**Exercise data**
[Start of section]

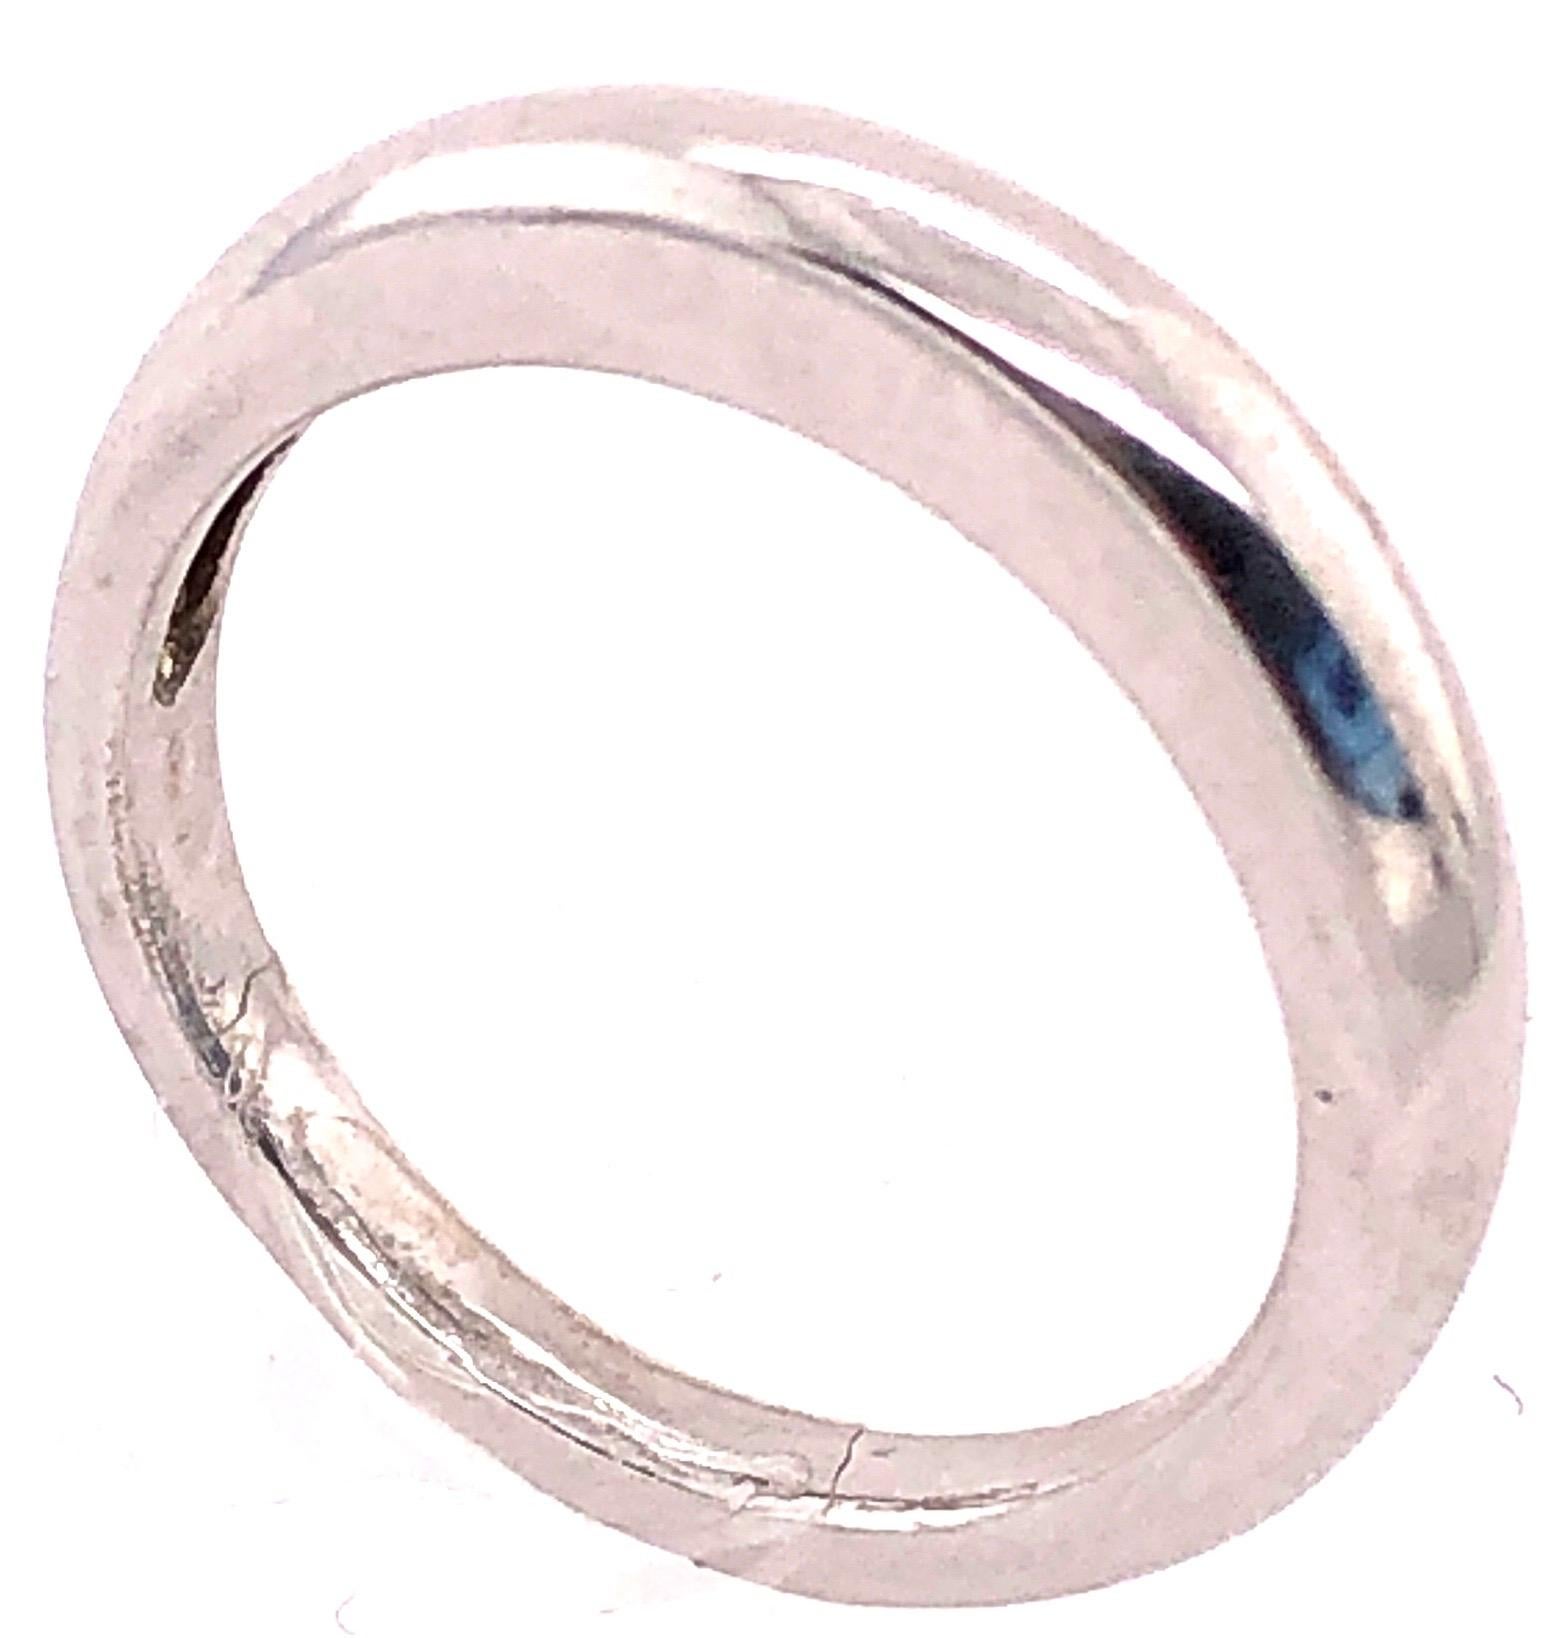 14 Karat White Gold Band/Wedding Ring.
Size 7
4.41 grams total weight.
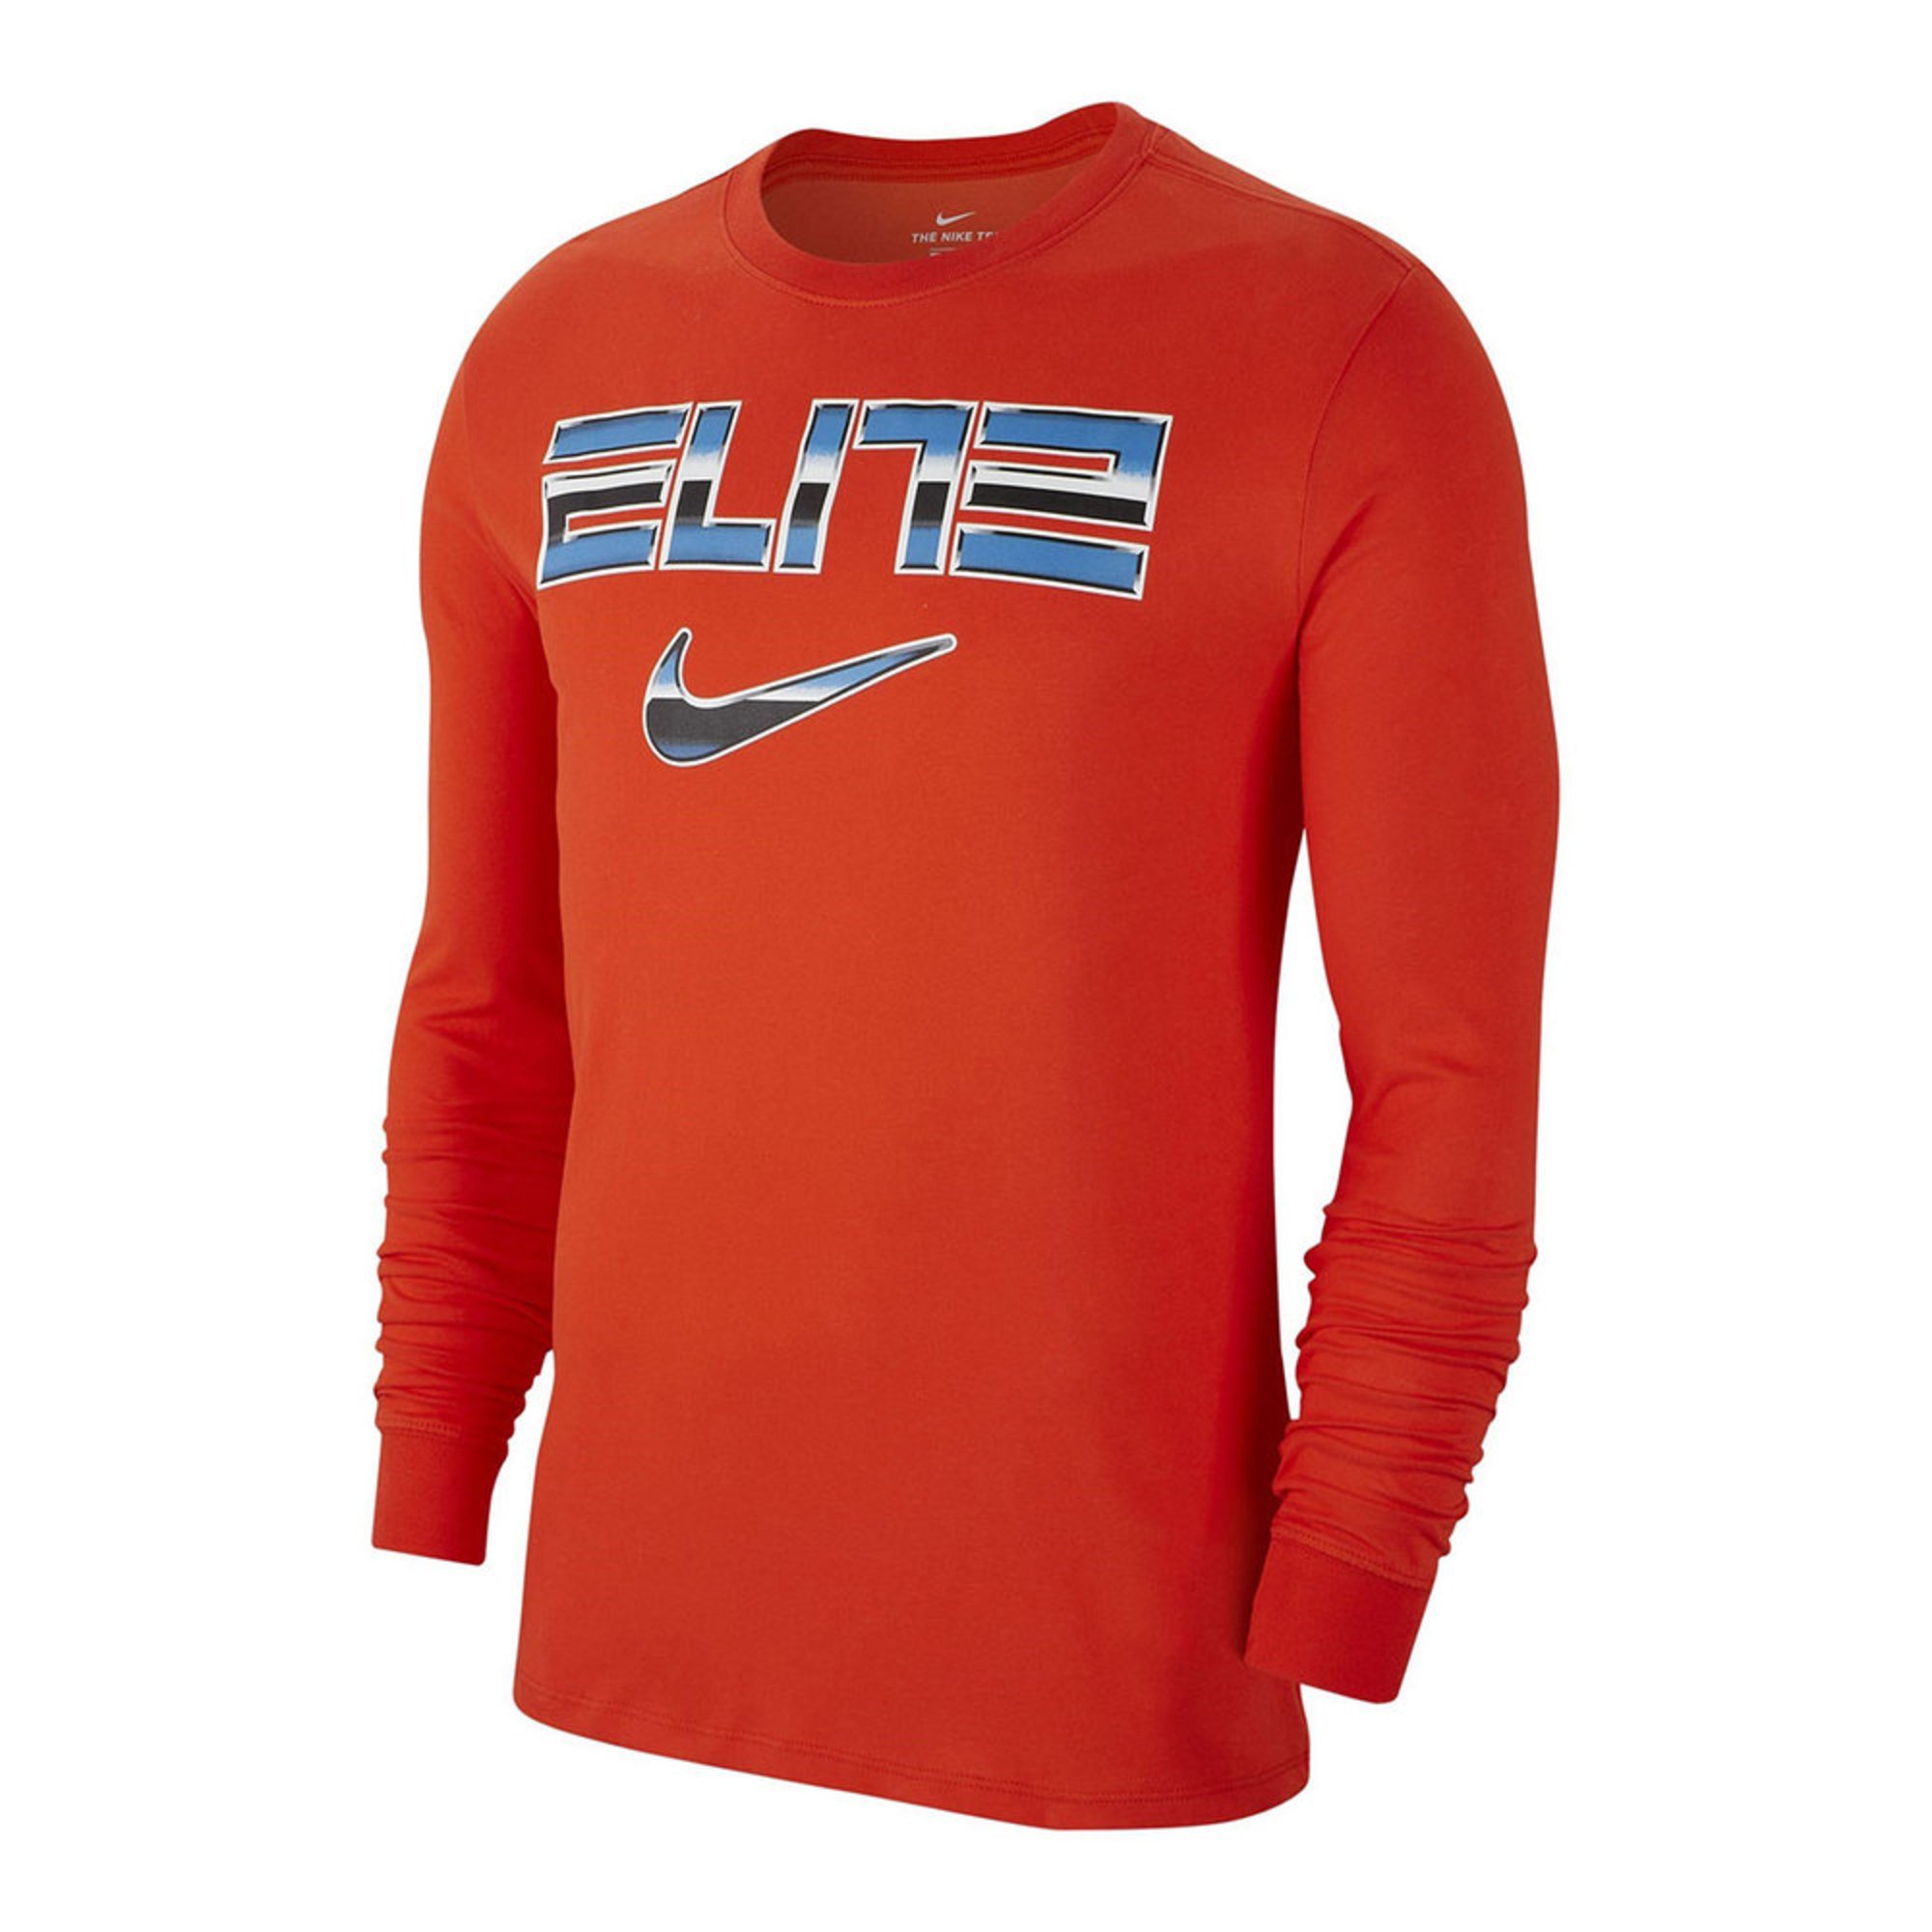 Nike Men's Basketball Elite Dry-fit Long Sleeve Tee | Active Tees ...

[End of section]

**Goal of the exercise**
Print the full listing above again with exact wording and no images.

**Reply to the exercise**
 14 Karat White Gold Band/Wedding Ring.
Size 7
4.41 grams total weight.
 Nike Men's Basketball Elite Dry-fit Long Sleeve Tee | Active Tees ...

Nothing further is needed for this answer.